Plot multiple subplots in a single figure.

Parameters:
  • df (pd.DataFrame) – DataFrame containing the data to plot.

  • plots (dict) – Dictionary where keys are subplot titles (showing the title can be supressed for each subplot with “title = None” within respective entry in the plots dict) and values are dicts containing keyword arguments for the plot (including plot kind). More information on available plot kinds and valid arguments can be obtained from the plot() method.

  • layout (tuple, optional) – Tuple containing the layout of the subplots (number of rows, number of columns). If not provided, the layout will be inferred from the number of plots.

  • style (str, optional) – Style to use for the plot. If not provided, the default style of the Plotter instance will be used.

  • figsize (tuple, optional) – Tuple containing the size of the figure (width, height) in inches. If not provided, the default size from the used style will be used.

  • hspace (float, optional) – Height space between the subplots as a fraction of size of the subplot group as a whole. If there are more than two rows, the hspace is shared between them. Default is 0.05. More information on padding: https://matplotlib.org/stable/users/explain/axes/constrainedlayout_guide.html#padding-and-spacing

  • wspace (float, optional) – Width space between the subplots as a fraction of size of the subplot group as a whole. If there are more than two columns, the wspace is shared between them. Default is 0.05. More information on padding: https://matplotlib.org/stable/users/explain/axes/constrainedlayout_guide.html#padding-and-spacing

  • **kwargs (optional) – Additional keyword arguments to pass to the subplot creation of matplotlib.pyplot.subplots(). For more information see: https://matplotlib.org/3.1.0/api/_as_gen/matplotlib.pyplot.subplots.html

Returns:

  • fig (matplotlib.figure.Figure) – The figure containing the subplots.

  • axs (numpy.ndarray of matplotlib.axes.Axes) – Array of axes objects representing the subplots.

sat_styles = ['screen', 'presentation', 'presentation_half', 'paper', 'paper_half', 'paper_full', 'bw_paper', 'bw_paper_half', 'bw_paper_full']
sattoolbox.plots.plots.create_legend(ax, loc='best', labels=None, **kwargs)[source]

Creates a (fancy) legend for the plot. This function is a wrapper around the matplotlib legend function. It removes the default legend(s) and creates a new one. Improvements over the matplotlib legend function are: - The location specifier ‘outside’ can be used to place the legend outside the plot area. - The direction of the plot entries is inferred (if not controlled via ncols). E.g. spreading

the entries horizontally if places above or below the plot.

  • Legend for two y axes is supported.
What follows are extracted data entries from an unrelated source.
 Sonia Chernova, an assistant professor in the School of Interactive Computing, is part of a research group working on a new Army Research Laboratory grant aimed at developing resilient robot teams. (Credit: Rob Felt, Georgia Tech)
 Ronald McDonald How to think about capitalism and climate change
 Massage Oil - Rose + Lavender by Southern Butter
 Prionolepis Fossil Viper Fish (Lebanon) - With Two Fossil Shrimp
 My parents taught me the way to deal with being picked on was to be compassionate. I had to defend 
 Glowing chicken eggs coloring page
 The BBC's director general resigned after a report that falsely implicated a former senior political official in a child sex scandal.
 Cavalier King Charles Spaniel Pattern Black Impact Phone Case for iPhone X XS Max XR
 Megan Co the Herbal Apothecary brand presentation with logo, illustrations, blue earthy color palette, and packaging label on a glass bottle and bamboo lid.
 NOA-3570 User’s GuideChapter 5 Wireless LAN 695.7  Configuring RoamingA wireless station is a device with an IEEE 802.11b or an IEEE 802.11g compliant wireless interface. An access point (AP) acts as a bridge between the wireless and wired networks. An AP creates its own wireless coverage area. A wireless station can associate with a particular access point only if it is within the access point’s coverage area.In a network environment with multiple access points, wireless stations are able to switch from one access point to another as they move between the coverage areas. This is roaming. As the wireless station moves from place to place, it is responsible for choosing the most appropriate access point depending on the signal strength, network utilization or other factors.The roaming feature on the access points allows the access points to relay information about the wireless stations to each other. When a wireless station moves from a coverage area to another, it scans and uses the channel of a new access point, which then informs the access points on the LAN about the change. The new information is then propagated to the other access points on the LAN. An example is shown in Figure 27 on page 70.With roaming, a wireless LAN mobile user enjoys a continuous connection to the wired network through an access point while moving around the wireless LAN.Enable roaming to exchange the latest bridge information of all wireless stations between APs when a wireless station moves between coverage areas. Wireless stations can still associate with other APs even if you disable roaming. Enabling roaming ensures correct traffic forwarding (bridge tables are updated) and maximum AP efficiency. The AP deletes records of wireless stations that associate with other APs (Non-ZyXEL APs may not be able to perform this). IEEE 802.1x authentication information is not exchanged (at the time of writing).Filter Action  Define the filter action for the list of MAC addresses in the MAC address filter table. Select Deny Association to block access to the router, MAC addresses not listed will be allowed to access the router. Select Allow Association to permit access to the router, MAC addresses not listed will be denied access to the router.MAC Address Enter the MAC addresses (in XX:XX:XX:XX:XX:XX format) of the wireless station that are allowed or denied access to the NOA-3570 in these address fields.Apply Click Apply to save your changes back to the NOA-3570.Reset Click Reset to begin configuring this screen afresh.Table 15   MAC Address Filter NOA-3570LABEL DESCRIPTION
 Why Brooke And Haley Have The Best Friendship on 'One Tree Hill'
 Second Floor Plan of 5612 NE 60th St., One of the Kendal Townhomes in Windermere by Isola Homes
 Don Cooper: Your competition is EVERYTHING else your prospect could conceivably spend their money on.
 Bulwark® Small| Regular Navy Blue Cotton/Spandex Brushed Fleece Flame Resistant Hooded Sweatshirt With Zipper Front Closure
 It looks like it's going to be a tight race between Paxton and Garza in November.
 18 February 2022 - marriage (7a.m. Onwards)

Entries of both axis are put into the same legend. Subtitles for the two axes are supported (can be passed via ‘title’-kwarg as tuple of two strings). The entries of the two axis are spread over the columns of the legend.

Parameters:
  • ax (matplotlib.axes.Axes) – The axes containing the plot.

  • loc (str, optional) – The location of the legend. Default is ‘best’.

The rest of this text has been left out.